Yes having a look through the code more closely it does seem like the cache is needed as it uses the metadata for things like constructing the query parameters.

The timeout I see is a strange one though. I'll give you some more context. When our application starts it registers a bunch of BackgroundService jobs. Most of which will do some fairly trivial queries to get some job metadata before starting their main body of work. All of these jobs are designed so that if they fail they will attempt to restart again between 1 and 2 minutes from now (the jitter is added to avoid any subsequent dog piling).

I only ever observe the timeout on the very first invocation of these jobs. Once they recover and restart a minute or so later they always boot up fine without incurring the timeout exception.

My first thought was that it must be because this addCache method is therefore being called by lots of threads concurrently at startup and therefore it's exhausting connections or something. Looking at the source code for addCache more closely I see that it uses the "lazy factory" approach inside the GetOrAdd call for the ConcurrentDictionary which means it should be guaranteed that all concurrent invocations are actually awaiting the result of a single invocation of the factory function. This would also explain why all of the jobs initially fail at exactly the same time when I start the application because the result of that first invocation of addCache fails and they all share this result.

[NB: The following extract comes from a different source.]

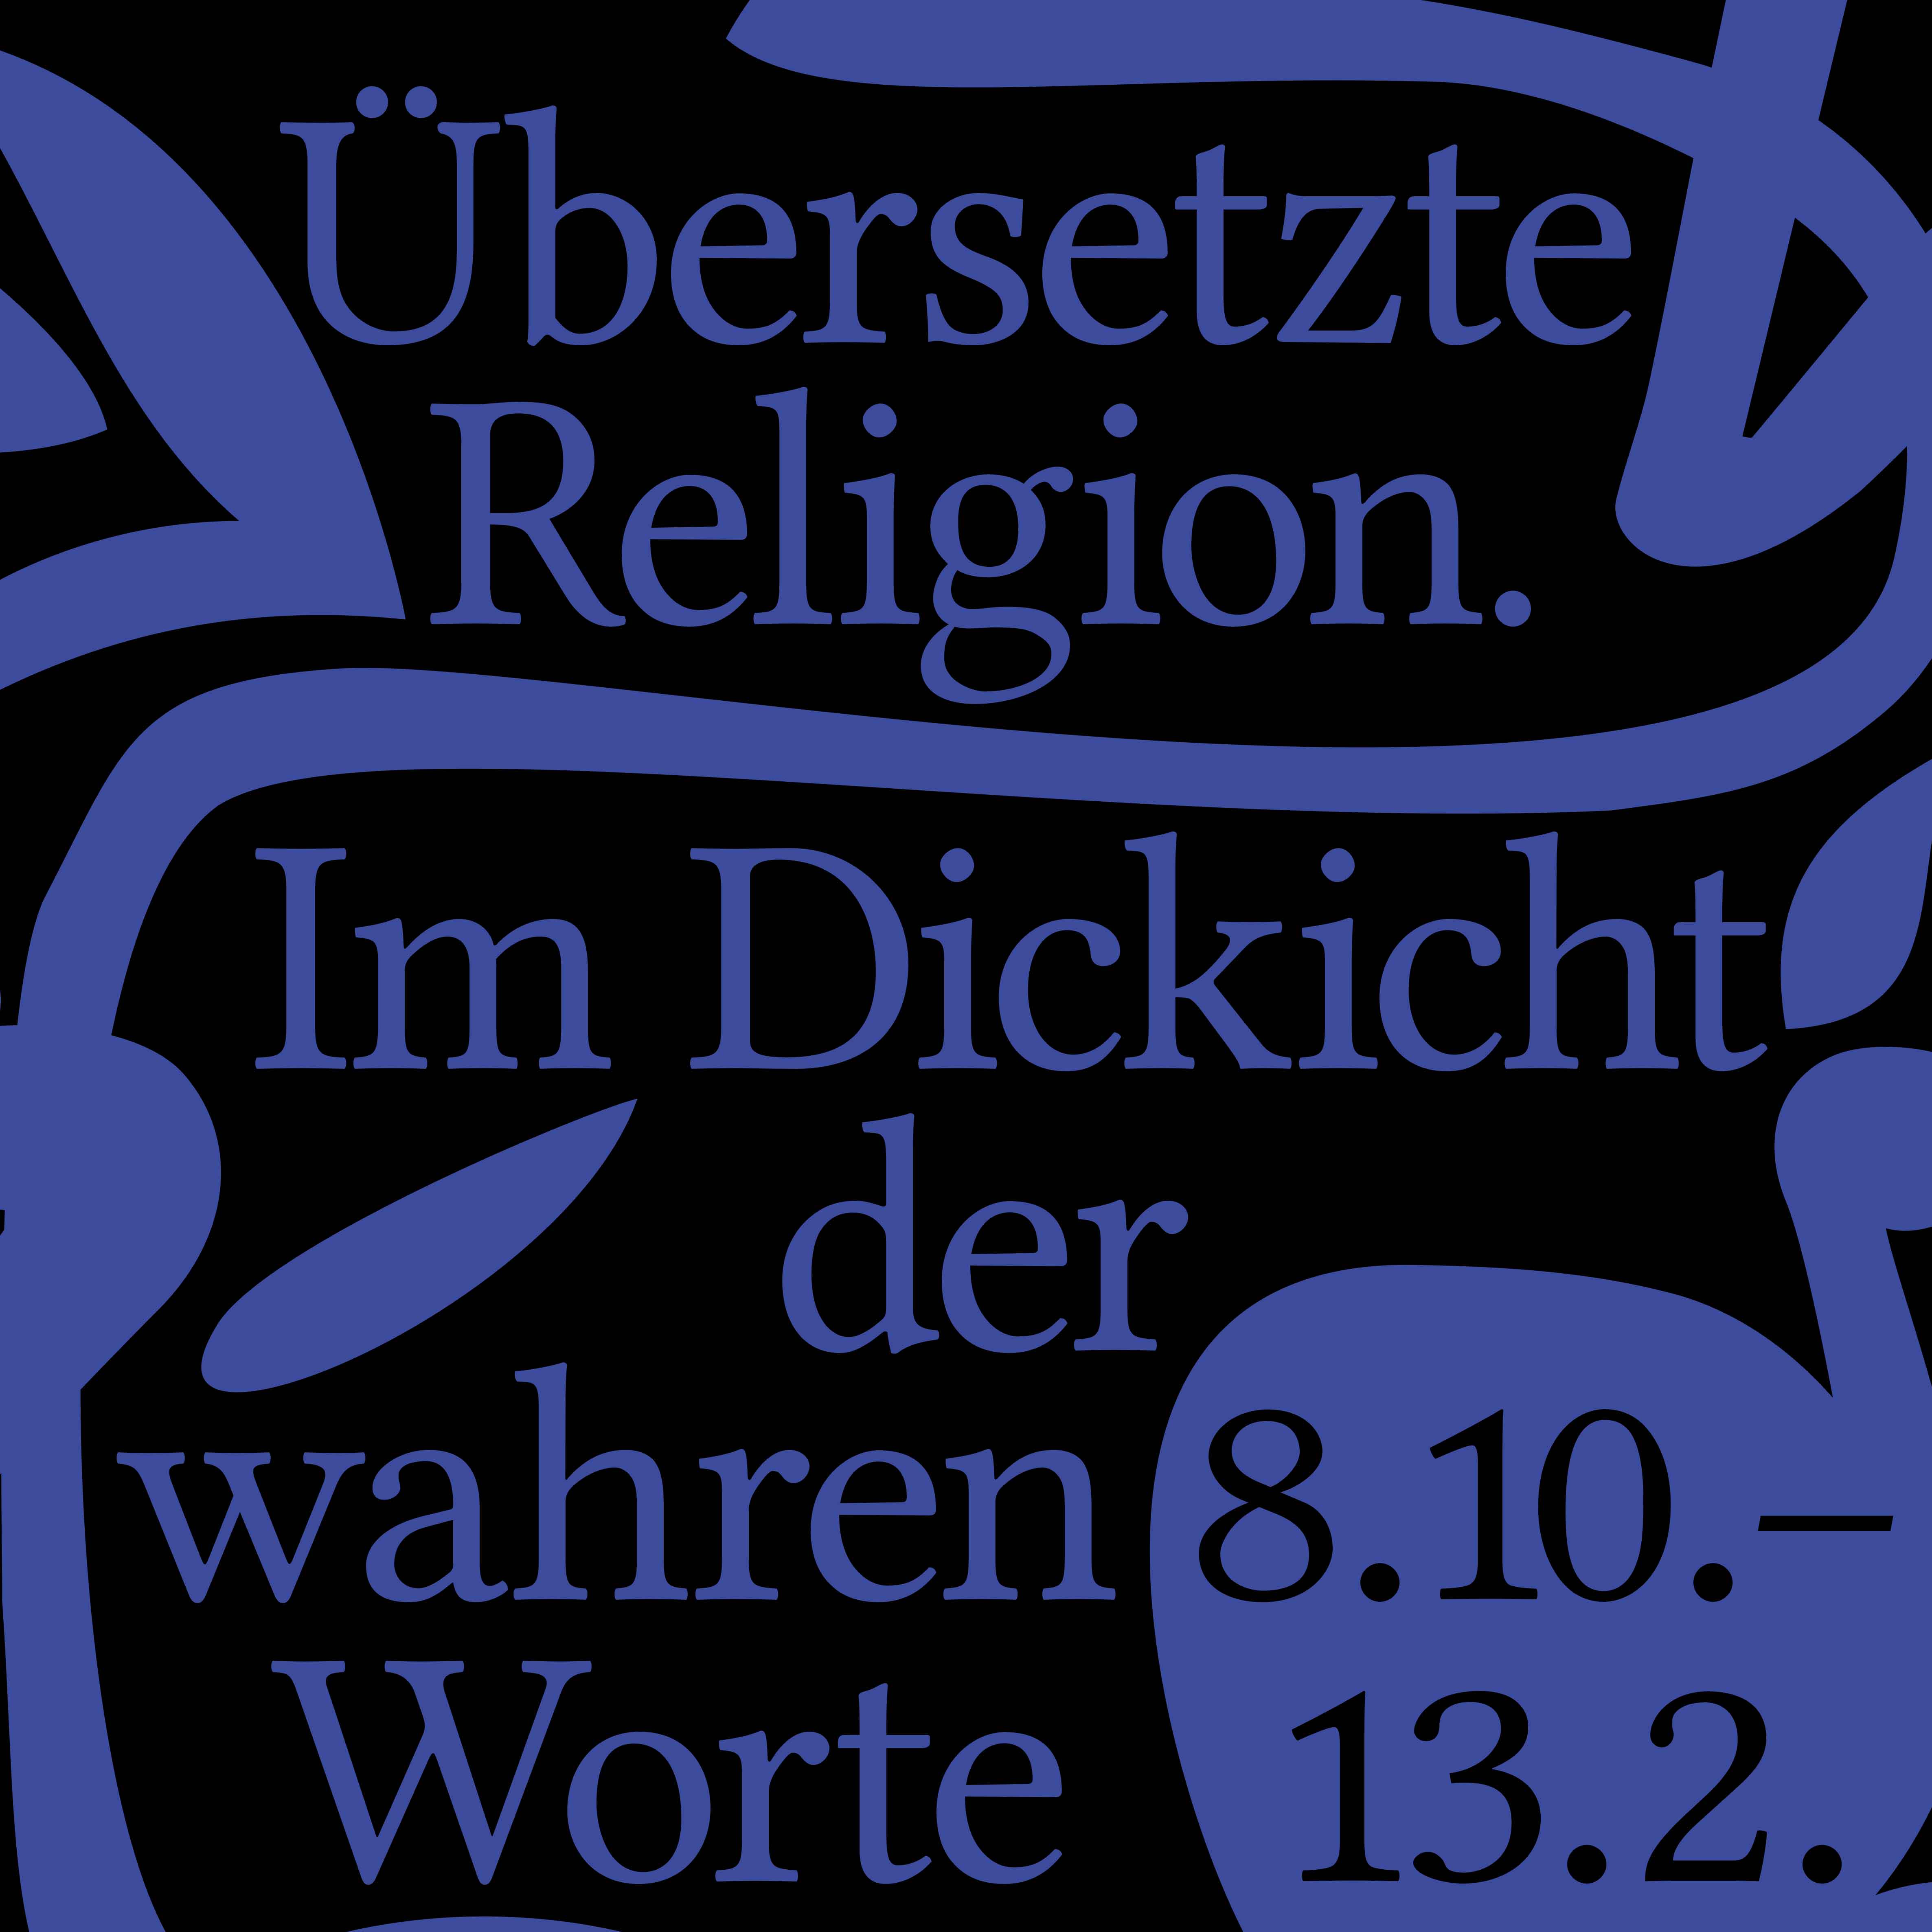 Ausstellung "Übersetzte Religion"

That lead me to my current hypothesis which is that because addCache just calls con.Open() and not OpenAsync() that it is possibly to do with the fact that this is a blocking call? But I can't quite construct a logical argument for why that would lead to a timeout.

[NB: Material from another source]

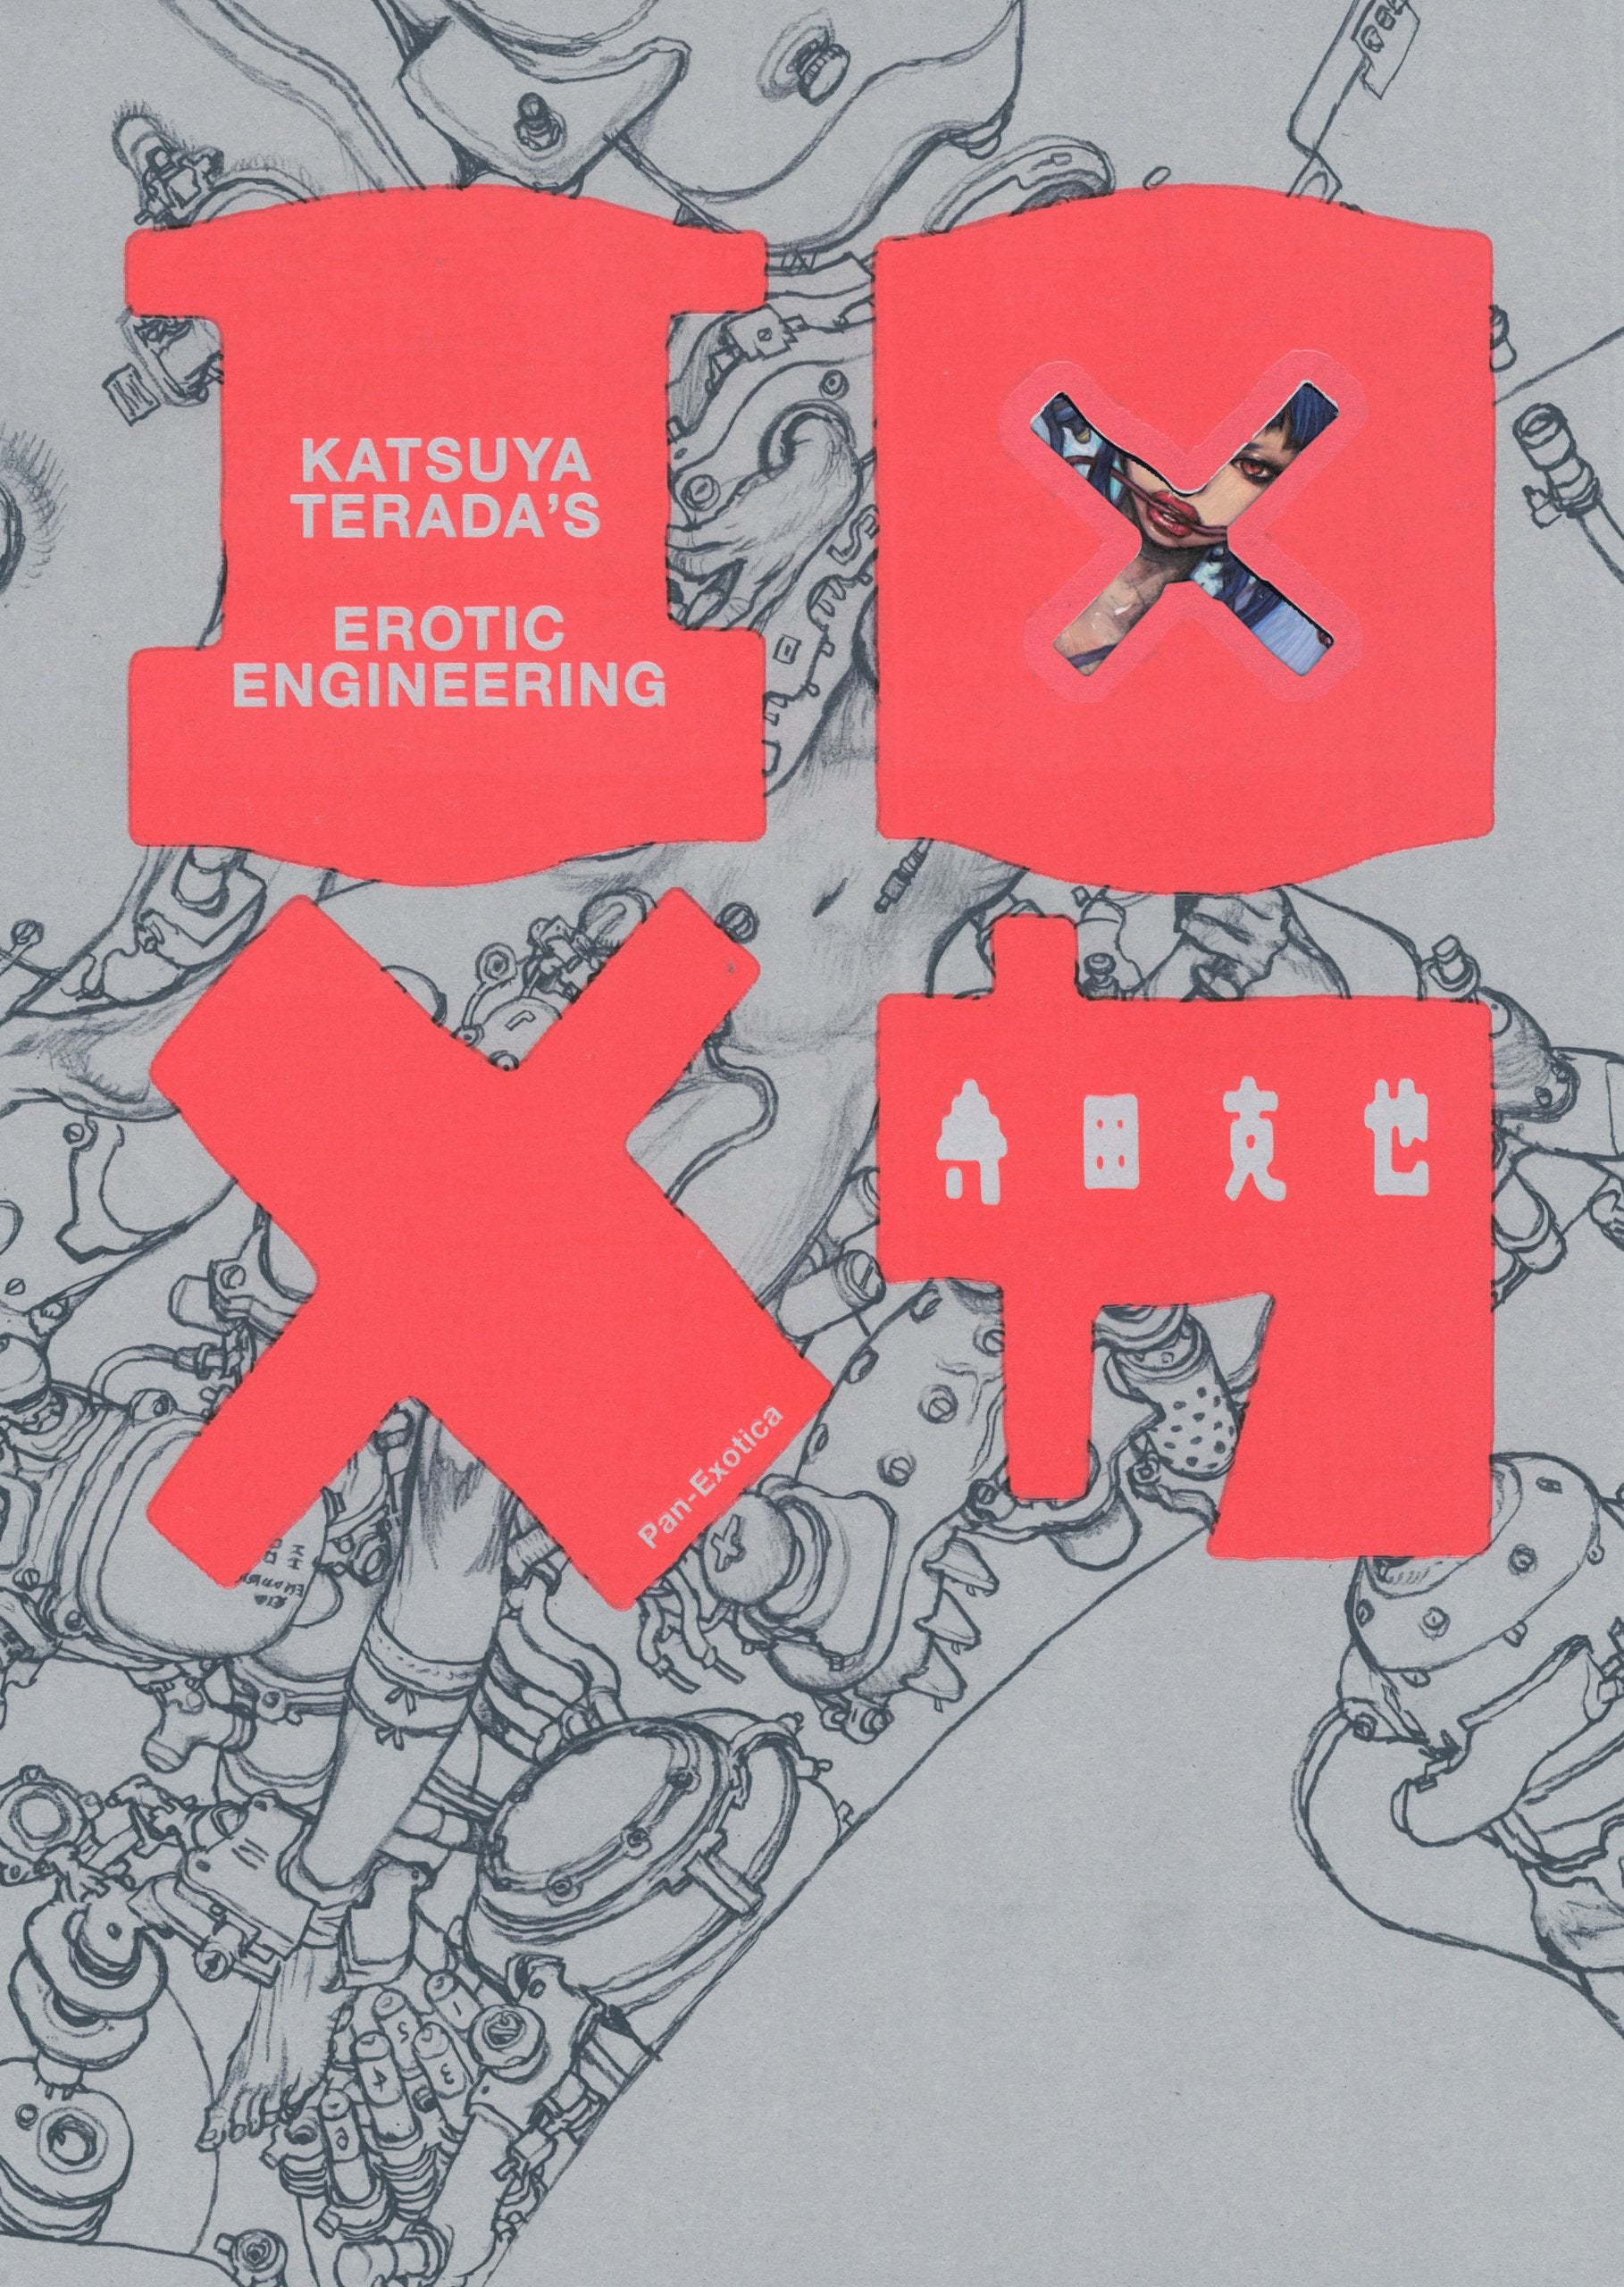 Katsuya Terada "Erotic Engineering"

Thorium commented 11 months ago

The addCache should definitely called only once within process and yes the con.Open() is synchronous within that locked context.

But are "All of these jobs" running within same process (executable) or are they separate instances? Because the ConcurrentDictionary is shared only within that one process.

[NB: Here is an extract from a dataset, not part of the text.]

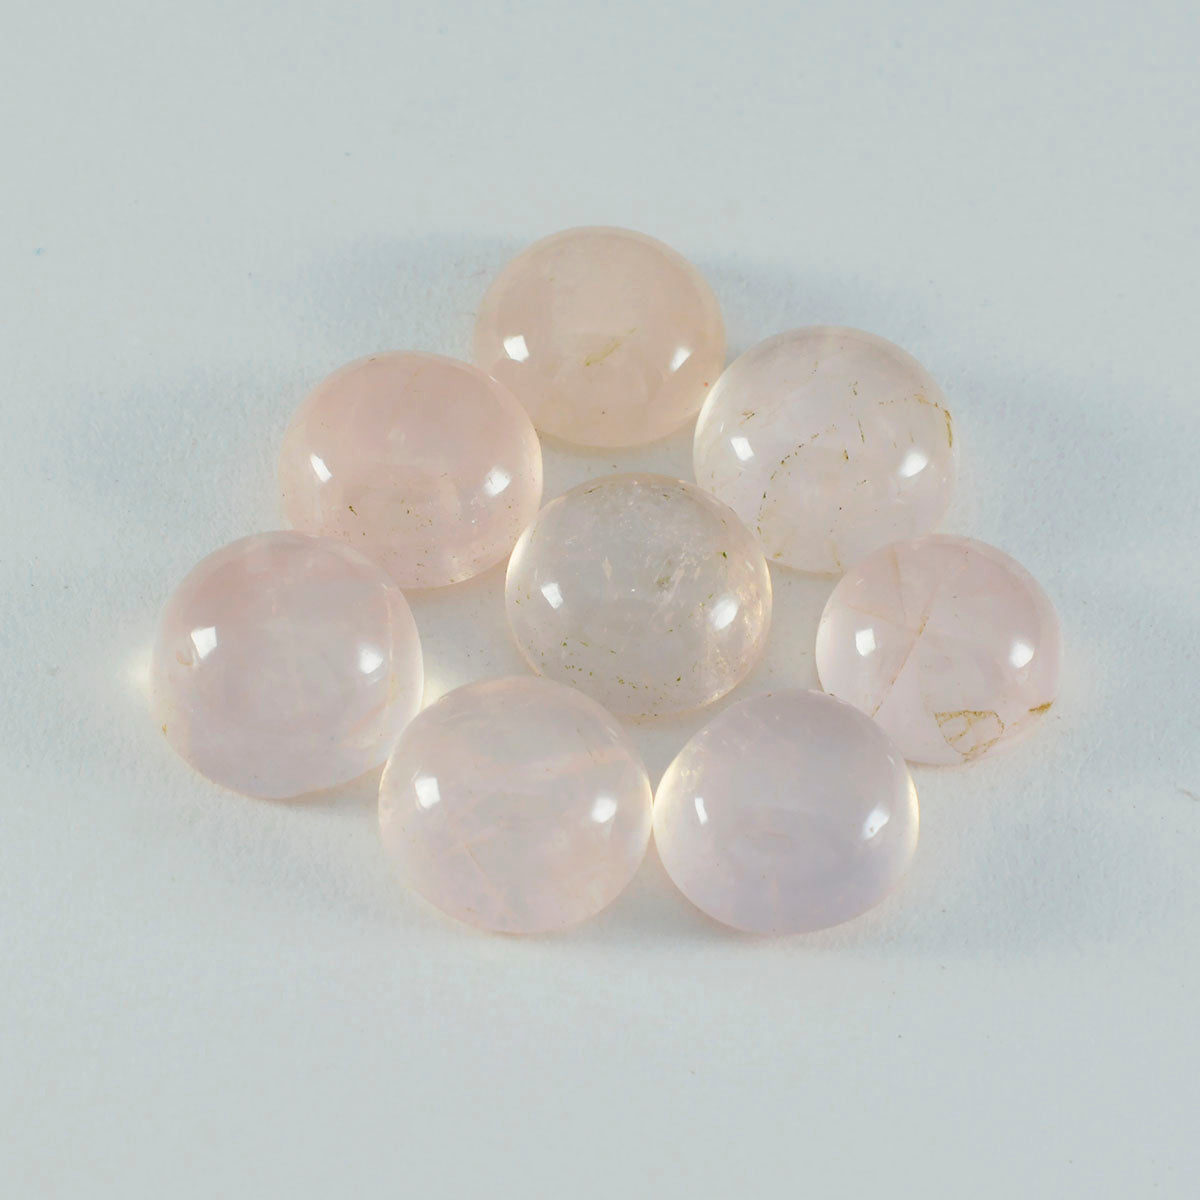 riyogems 1 шт. кабошон из розового кварца 10x10 мм круглой формы, привлекательные качественные драгоценные камни

Choc13 commented 11 months ago

Yes they're all running the in same process. Just a collection of BackgroundService for which the runtime calls ExecuteAsync on to start them. It's just strange to me that it's the opening of the connection that actually times out. It's not even got on to the part of querying the schema yet.

Choc13 commented 11 months ago

I think I've possibly gotten to the bottom of this. It's related to a gotcha with how BackgroundService instances are started. Also BackgroundService instances do not wait for the application to be fully started before they can start processing their work. We are also using Quartz.NET which also uses the BackgroundService framework but does in fact wait for the application to be full initialised. I think a combination of these things together meant that our jobs were trying to open connections to the DB only for the runtime to then suspend execution of their threads whilst it waited for all other jobs to begin and I think this then meant that MySQL thought our application was dead and sent some timeout response.

I've fixed our jobs now so that they also wait for the IHostApplicationLifetime.ApplicationStarted event to fire before trying to do their processing and I believe things are fine now.